The FFOV correction is split in two independent steps in the ASSIST's processing: shift correction and broadening correction. The spectral shift is first corrected by redefining the spectral axis of Eq. (3b) using the compensated sampling wavenumber ${\mathit{\upsilon }}_{\mathrm{s}}^{\prime }$ instead of the true, on-axis sampling wavenumber υ_s (Eq. 4). For an ILS with effective boxcar width $\stackrel{\mathrm{‾}}{b}$, both sampling wavenumbers are related through

$$\begin{array}{}\text{(15)}& {\mathit{\upsilon }}_{\mathrm{s}}^{\prime }=\left({\displaystyle \frac{\mathrm{2}}{\mathrm{1}+\cos \stackrel{\mathrm{‾}}{b}}}\right){\mathit{\upsilon }}_{\mathrm{s}}\approx \left(\mathrm{1}+{\displaystyle \frac{{\stackrel{\mathrm{‾}}{b}}^{\mathrm{2}}}{\mathrm{4}}}\right){\mathit{\upsilon }}_{\mathrm{s}},\end{array}$$

where the final approximation is valid for $\stackrel{\mathrm{‾}}{b}$ ≪ 1 rad. This redefinition implies the stretching of the spectral axis (from υ to υ^′) by a factor that depends on the FFOV ILS only, independent from the metrology laser parameters of Eq. (4) but specific to each detection channel. The spectral samples of the sky radiance ${\widehat{L}}_S$ are not modified by the stretching operation, and the reciprocal factor is used to compress the OPD axis (from x to x^′).
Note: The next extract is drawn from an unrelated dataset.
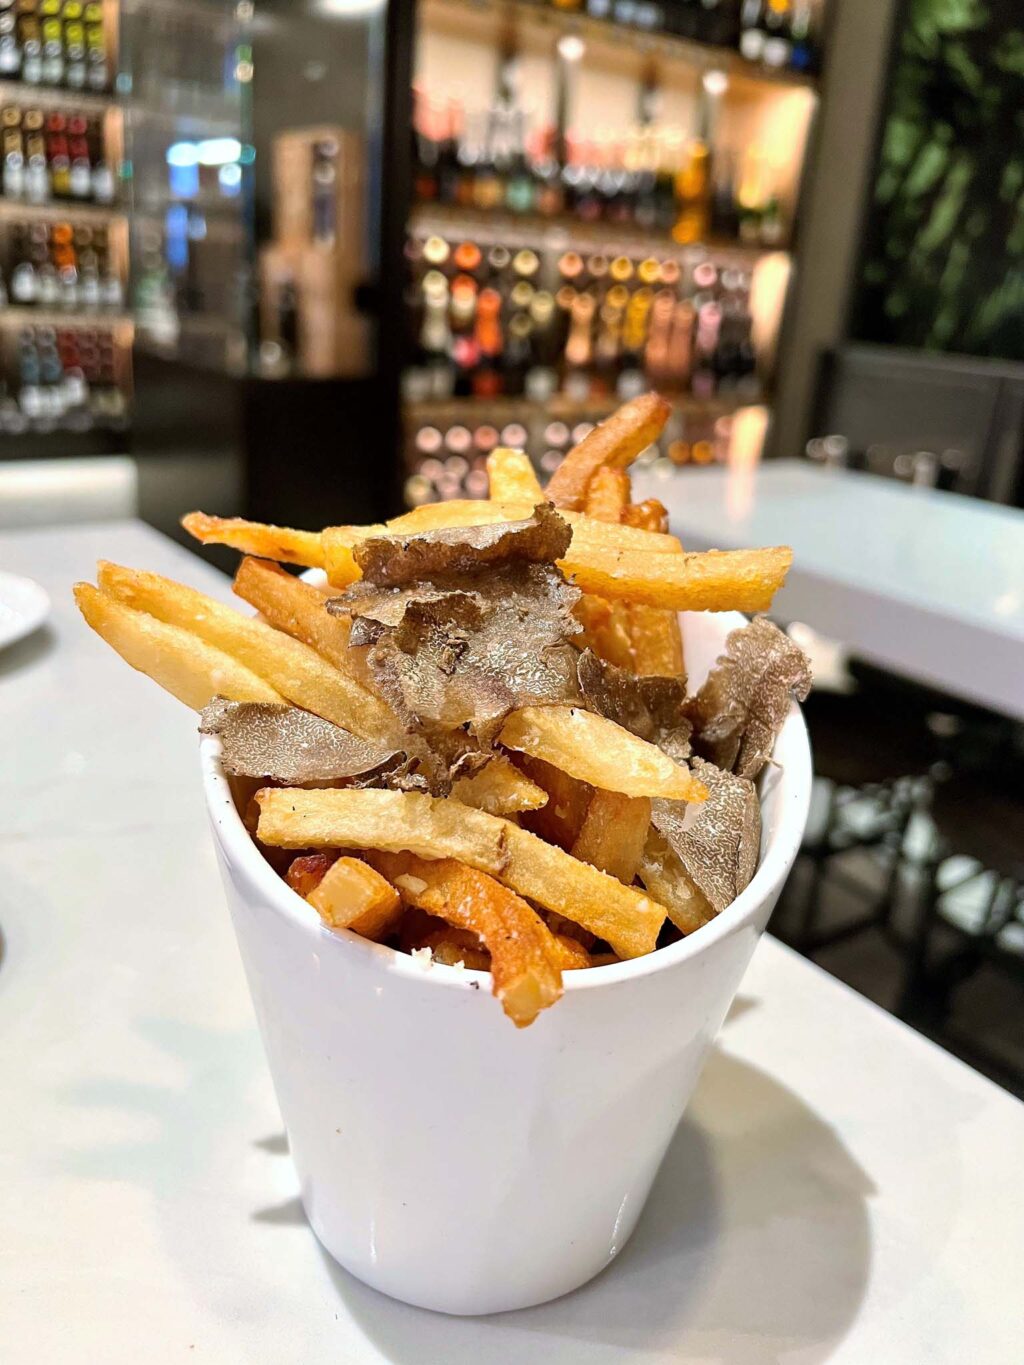 Truffle Fries | Wally's Las Vegas, Resorts World Las Vegas, NV
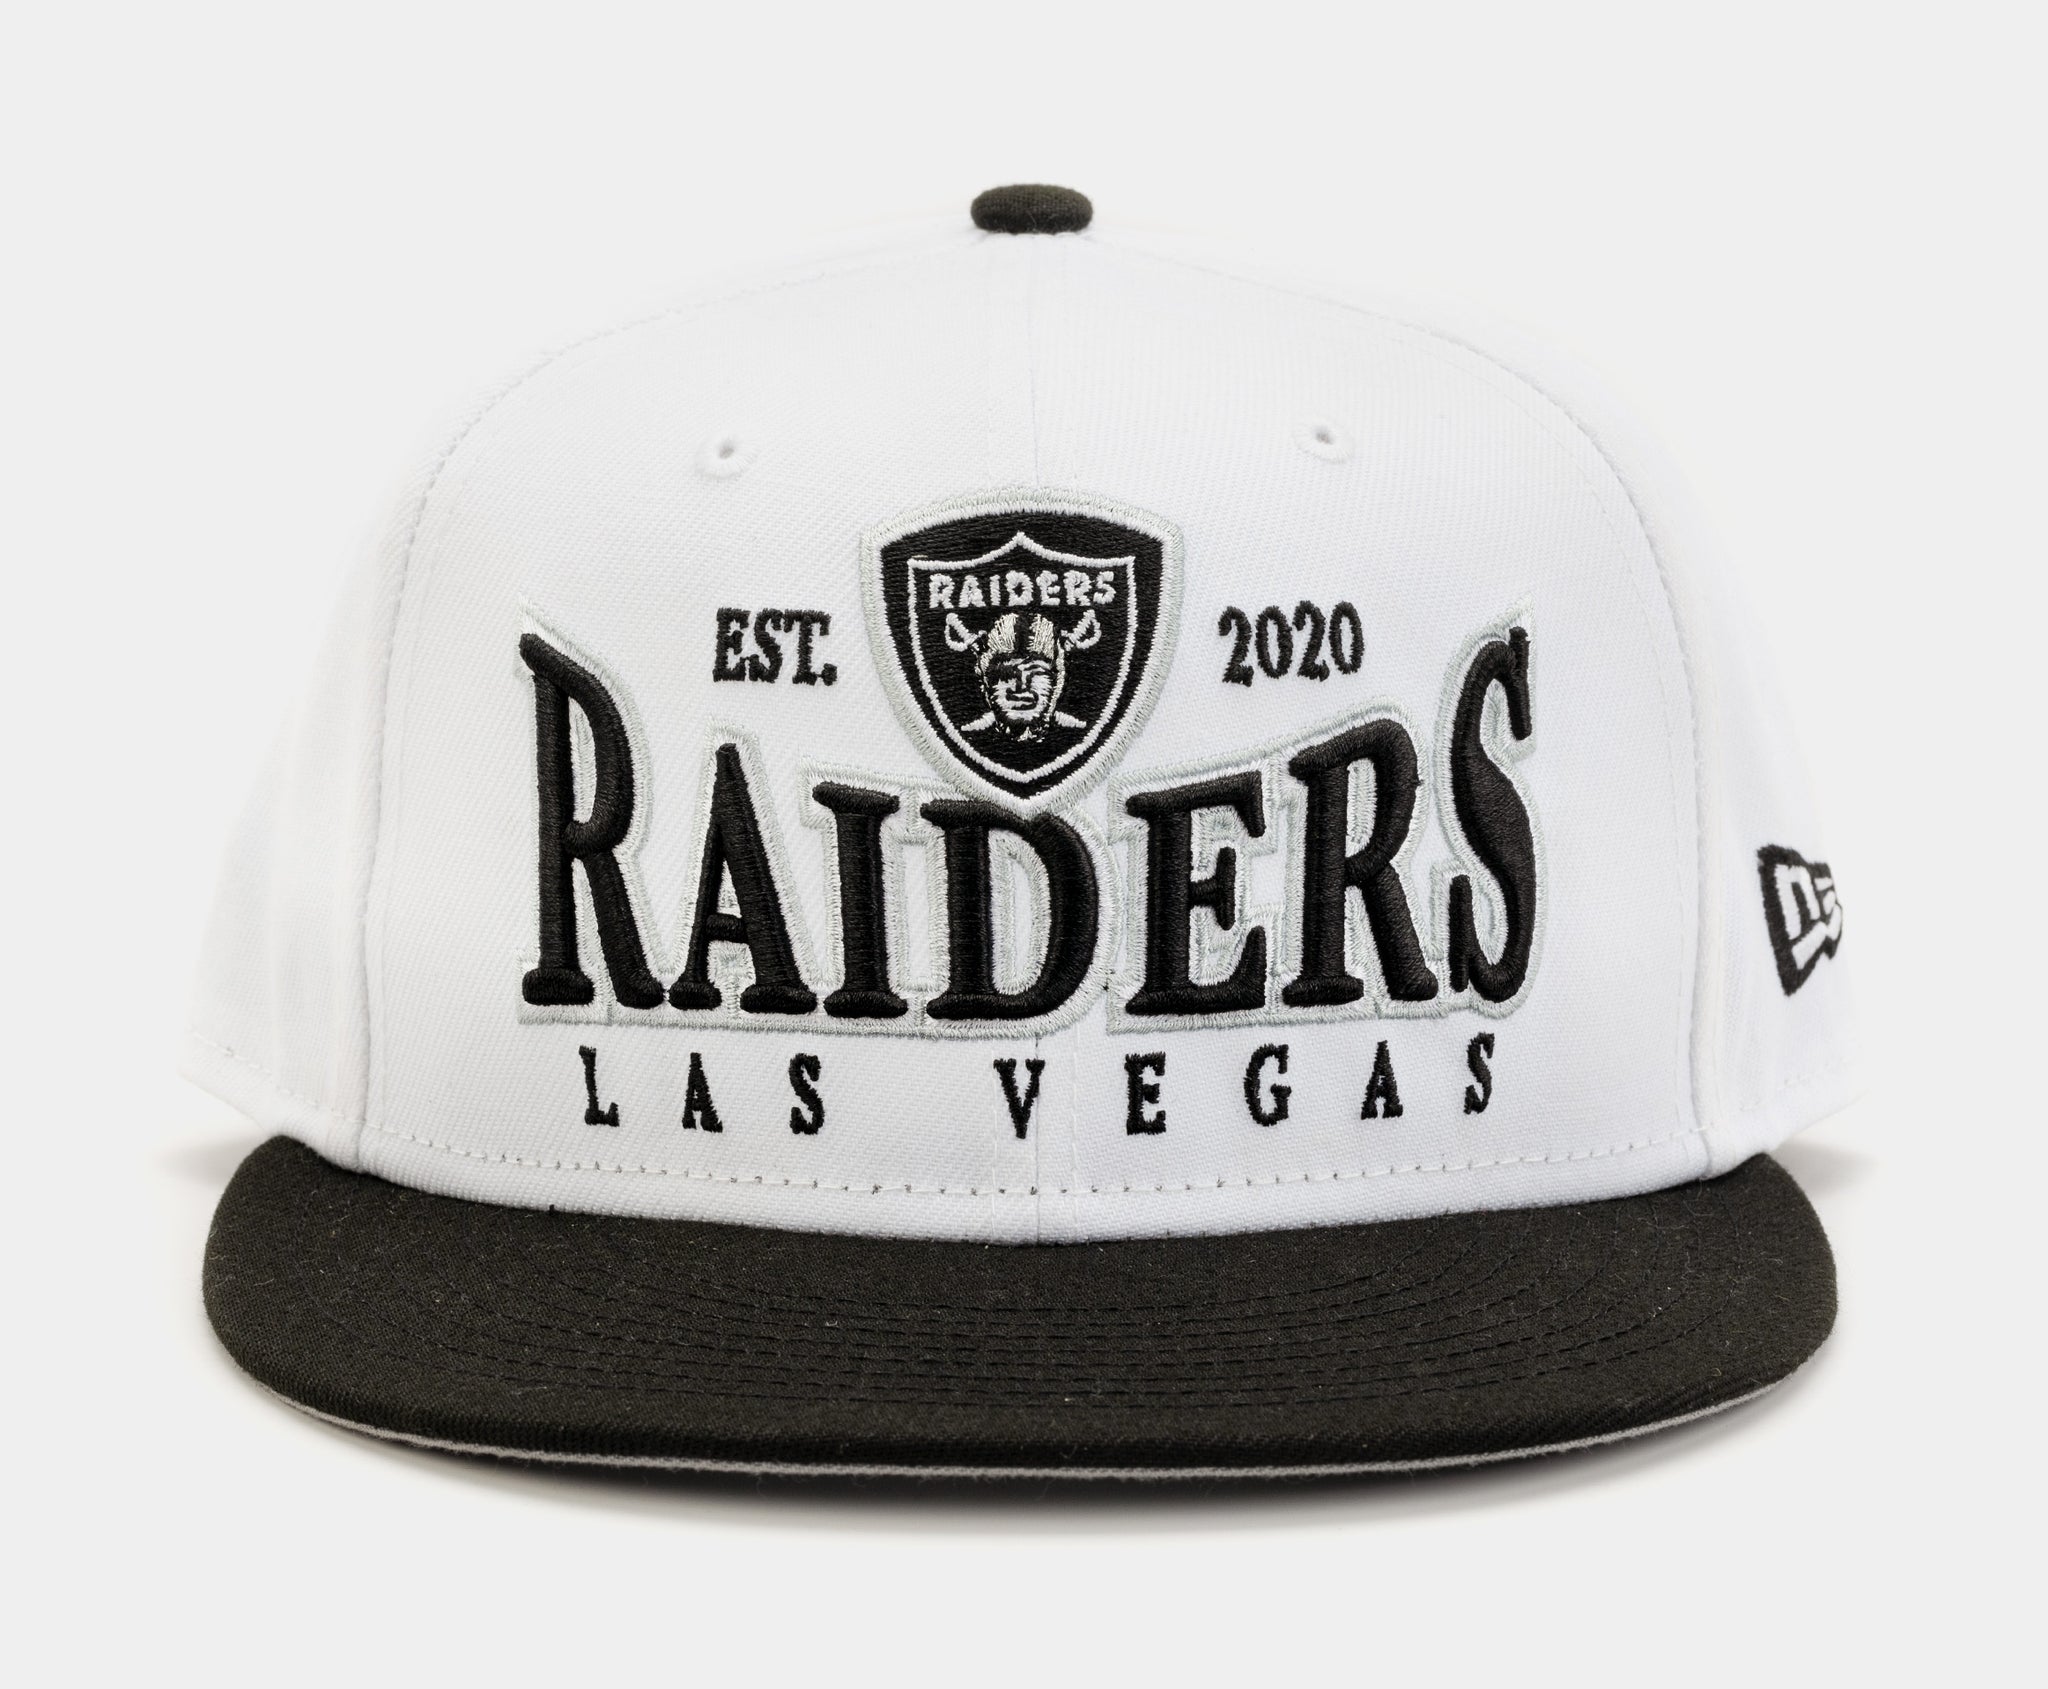 Las Vegas Raiders Crest 9FIFTY Mens Snapback Hat (White/Black)

Obviously, this first correction is performed on spectra associated with truncated interferograms, which are affected by both FFOV ILS and truncation ILS. However, the reasoning remains the same since the sinc ILS kernel is symmetric and does not shift spectral features. The FFOV broadening is then corrected using a method similar to that described in Knuteson et al. (2004b), yielding the modified sky radiance ${\widehat{L}}_S^{\prime }$:

$$\begin{array}{}\text{(16a)}& {\displaystyle }{\widehat{L}}_S^{\prime }={\widehat{L}}_S+{\displaystyle \frac{{\left[\mathrm{2}\mathit{\pi }\left({\stackrel{\mathrm{‾}}{b}}^{\mathrm{2}}/\mathrm{4}\right)\right]}^{\mathrm{2}}}{\mathrm{3}\mathrm{!}}}\mathcal{F}\left[x^{\prime \mathrm{2}}{\mathcal{F}}^{-\mathrm{1}}\left({\stackrel{\mathrm{̃}}{\mathit{\upsilon }}}^{\mathrm{2}}{\widehat{L}}_S\right)\right],\text{(16b)}& {\displaystyle }\stackrel{\mathrm{̃}}{\mathit{\upsilon }}=\left\{\begin{array}{cl}\frac{k{\mathit{\upsilon }}_{\mathrm{s}}^{\prime }}{N}& k=\mathrm{0},\mathrm{1},\mathrm{\dots },N/\mathrm{2},\\ \frac{\left(N-k\right){\mathit{\upsilon }}_{\mathrm{s}}^{\prime }}{N}& \text{otherwise},\end{array}\right.\end{array}$$

where the ℱ and ℱ⁻¹ operators describe the modified DFT (Eq. 2) and inverse DFT, respectively:

$$\begin{array}{}\text{(17a)}& {\displaystyle }\mathcal{F}\left(\mathit{\xi }\left[n\right]\right)=e^{j\mathit{\pi }k}\sum _{n=\mathrm{0}}^{N-\mathrm{1}}\mathit{\xi }\left[n\right]e^{-j\mathrm{2}\mathit{\pi }nk/N},\text{(17b)}& {\displaystyle }{\mathcal{F}}^{-\mathrm{1}}\left(\mathit{\xi }\left[k\right]\right)={\displaystyle \frac{\mathrm{1}}{N}}\sum _{k=\mathrm{0}}^{N-\mathrm{1}}{e}^{-j\mathit{\pi }k}\mathit{\xi }\left[k\right]e^{j\mathrm{2}\mathit{\pi }nk/N}.\end{array}$$

This is a first-order correction only, and extra terms could be included for improved accuracy. Outside the sensitivity range (“out-of-band”) and under strong internal absorption lines, the radiance estimate ${\widehat{L}}_S$ displays strong noise because of the division by a low or purely random spectral gain during radiometric calibration (Eq. 11) (Rowe et al., 2011b). It is therefore good practice to either replace out-of-band spectral samples by an adequate Planck curve or null out those spectral samples, with a smooth transition to in-band samples in any case, before applying the correction described by Eq. (16a). Figure 18 depicts the typical effect of FFOV correction over atmospheric water vapor lines visible in the HgCdTe channel. The FFOV broadening correction is also performed on the imaginary component ${\widehat{D}}_S$, yielding ${\widehat{D}}_S^{\prime }$.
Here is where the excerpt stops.